Information supplied below:

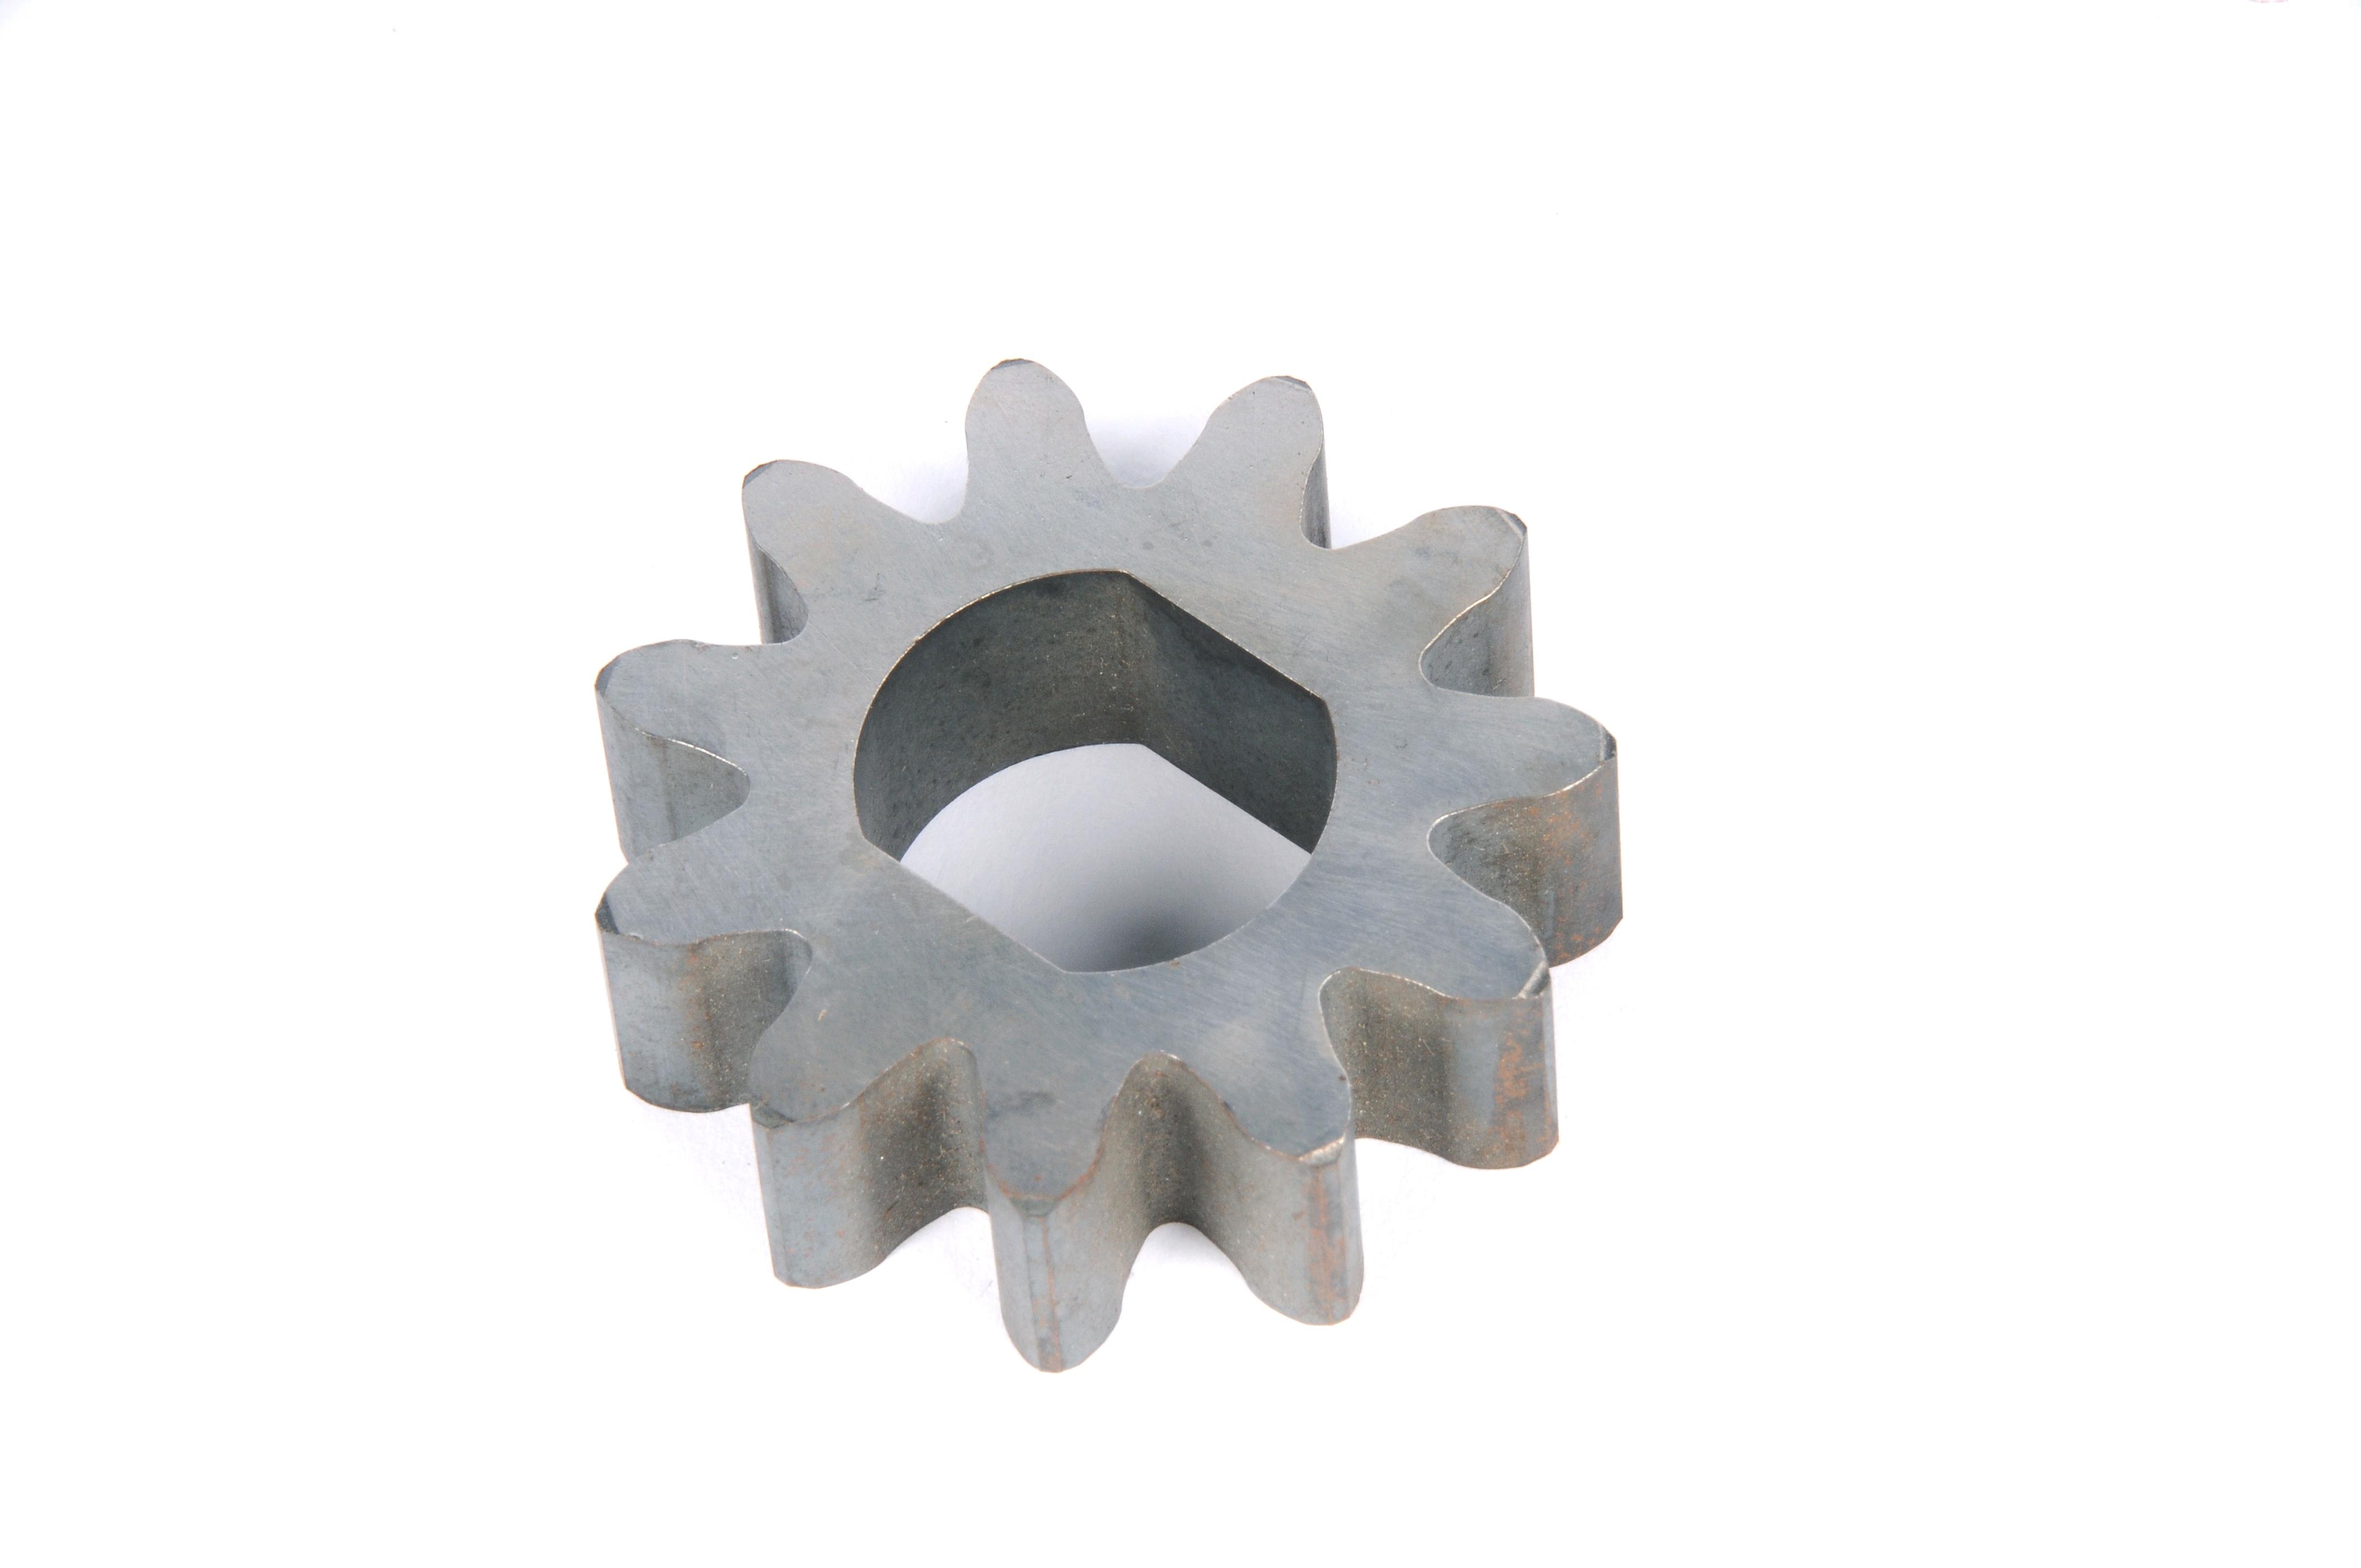 ACDELCO OE SERVICE - A/T Transfer Fluid Pump Drive Gear - DCB 08683724
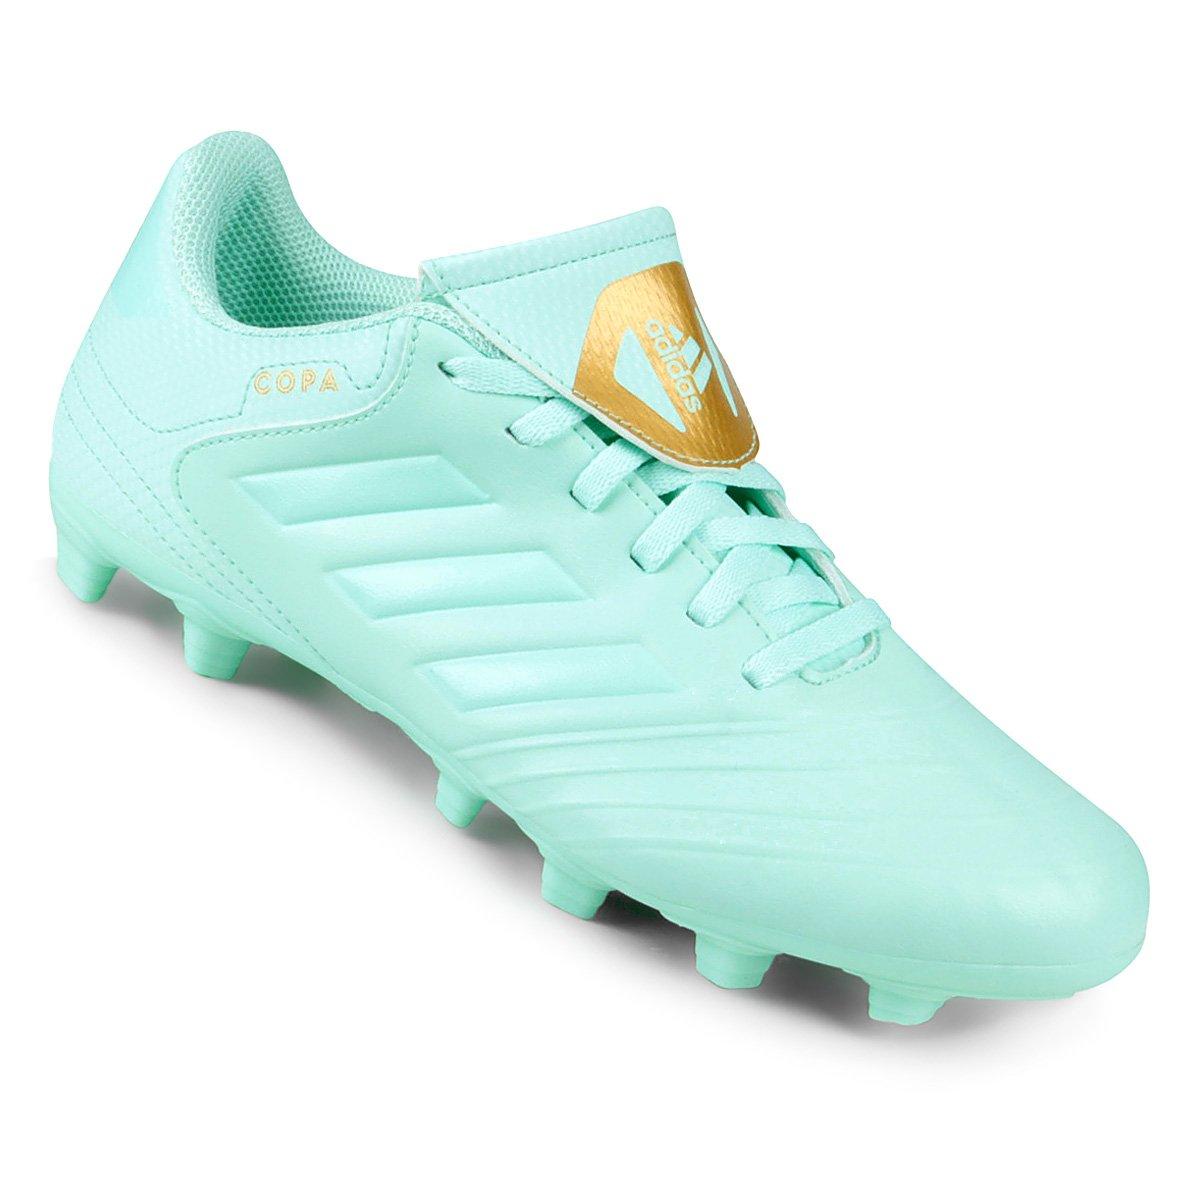 7a8b9c3a41 Chuteira Campo Adidas Copa 18 4 FG
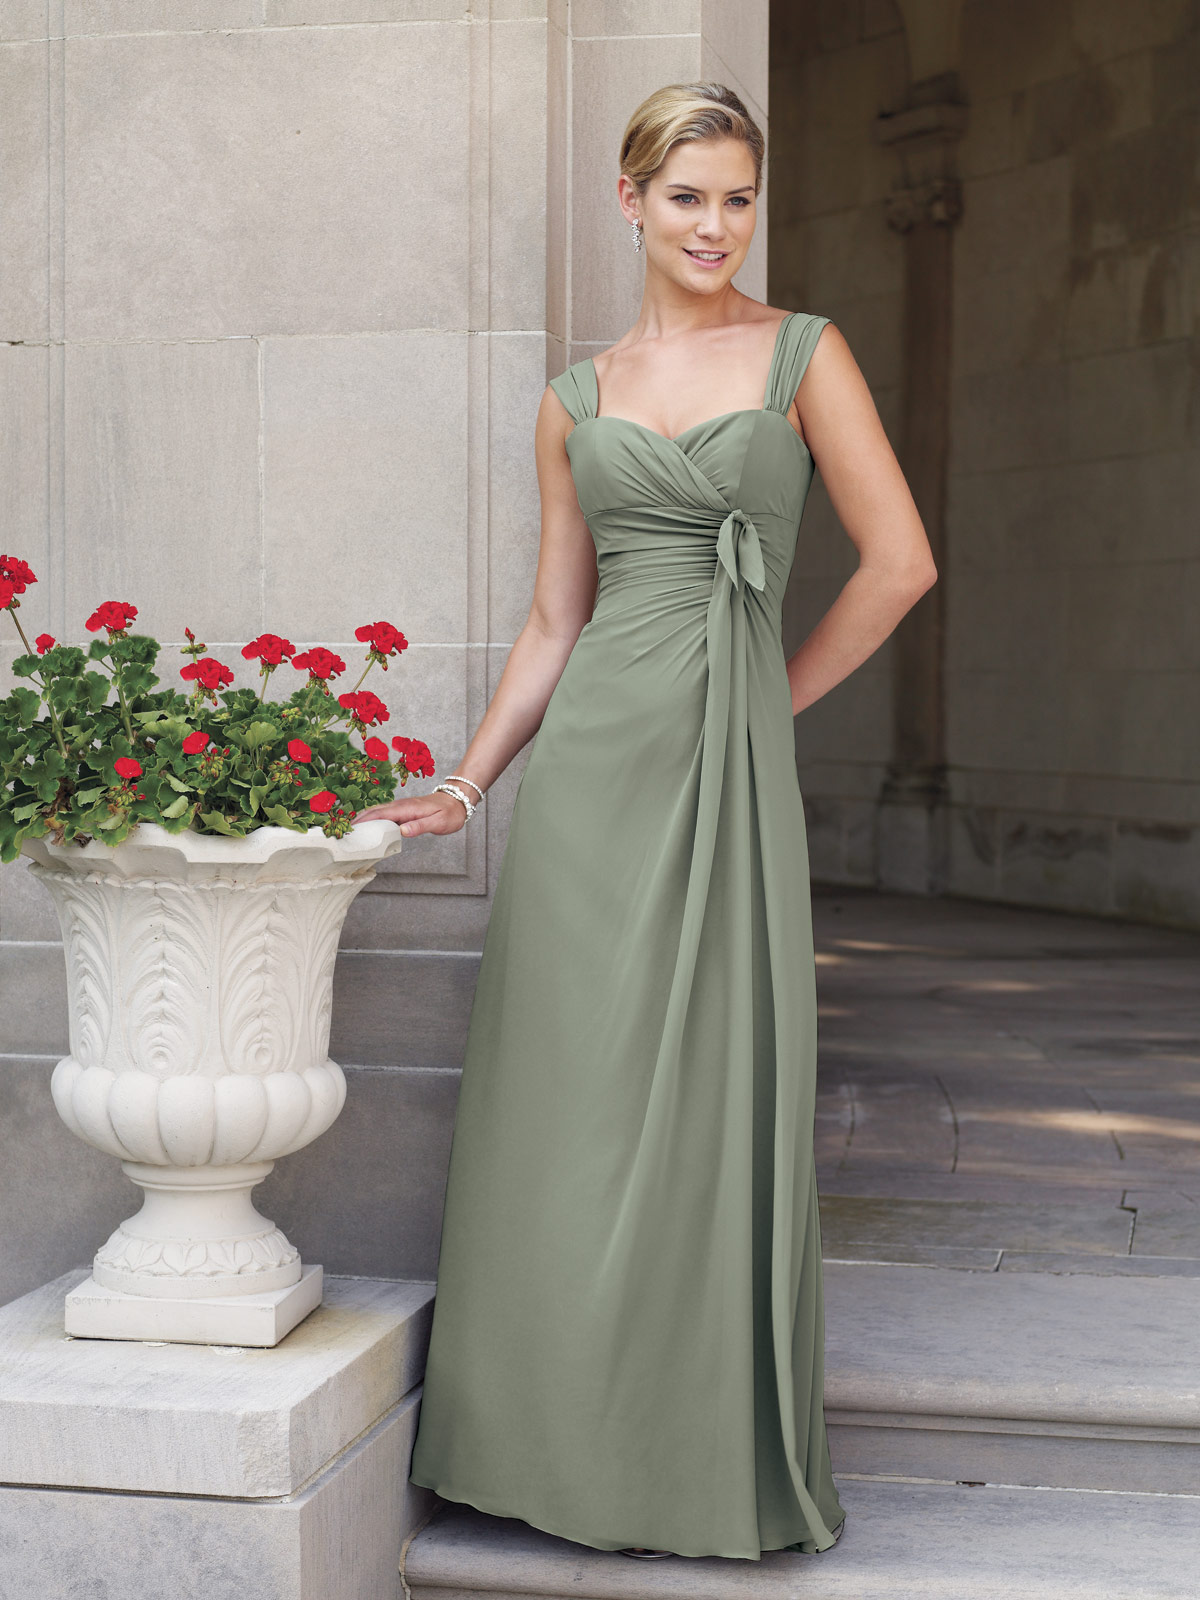 short prom dresses: Sophia Tolli 2012 Bridesmaids Collection
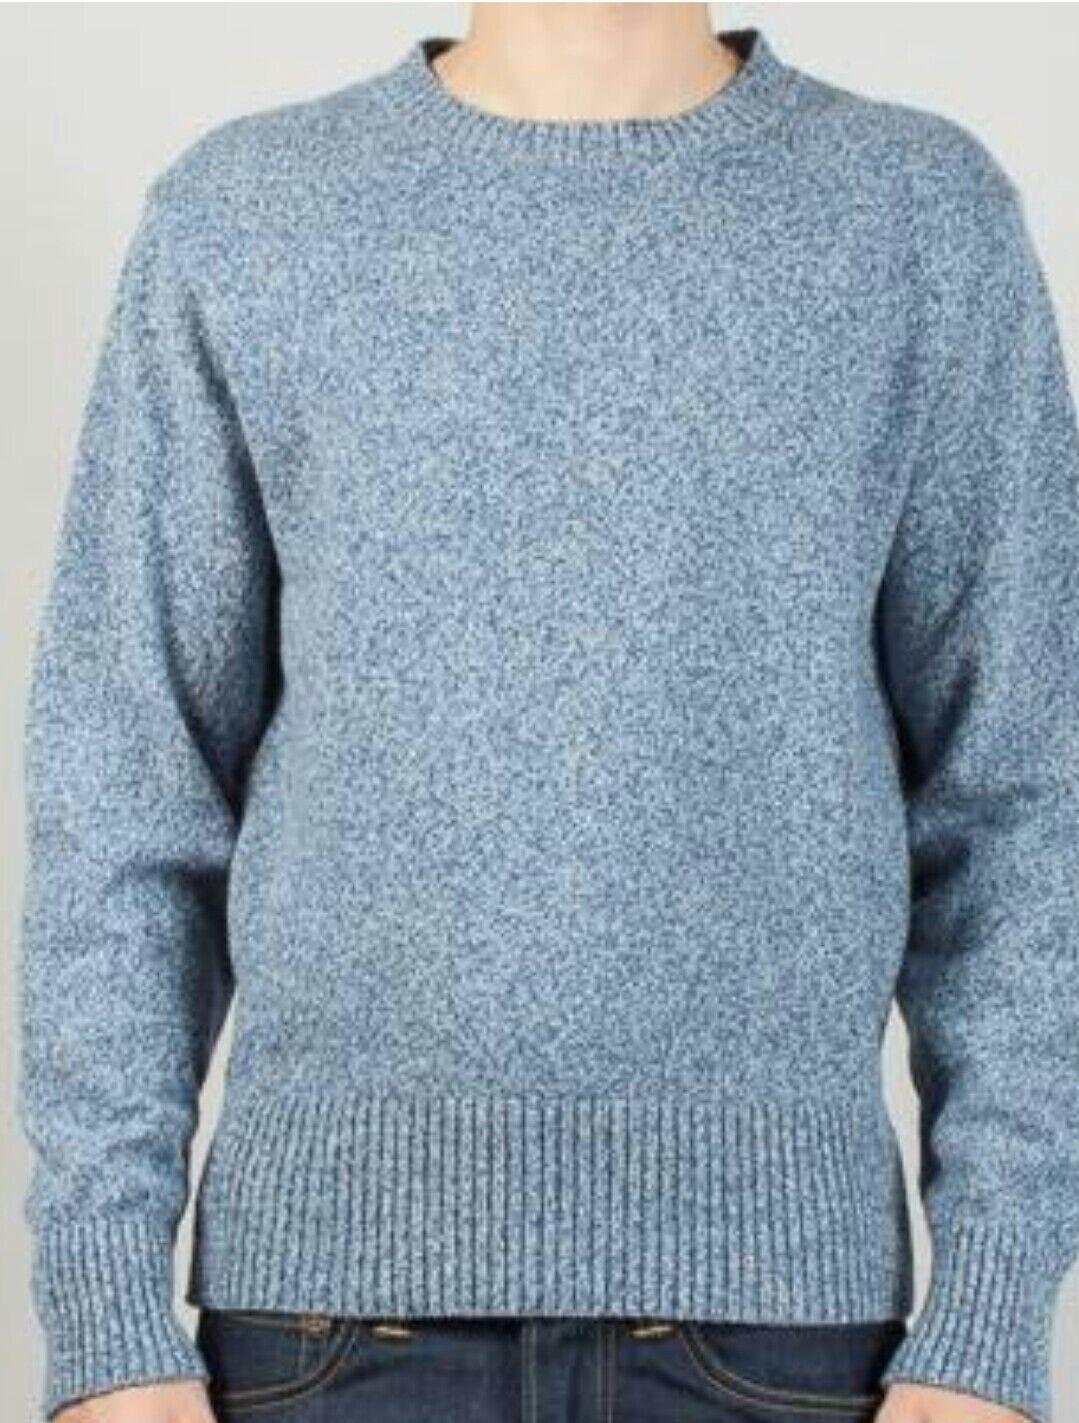 Universal Works Chunky Crew Melange Cotton Blau Sweater Größe XL BNWT

End of Information supplied.

**Assignment:** In this exercise, set down all of the data exactly, without the pictures.

**Exercise answer:**
 ACDELCO OE SERVICE - A/T Transfer Fluid Pump Drive Gear - DCB 08683724
 7a8b9c3a41 Chuteira Campo Adidas Copa 18 4 FG
 short prom dresses: Sophia Tolli 2012 Bridesmaids Collection
 Universal Works Chunky Crew Melange Cotton Blau Sweater Größe XL BNWT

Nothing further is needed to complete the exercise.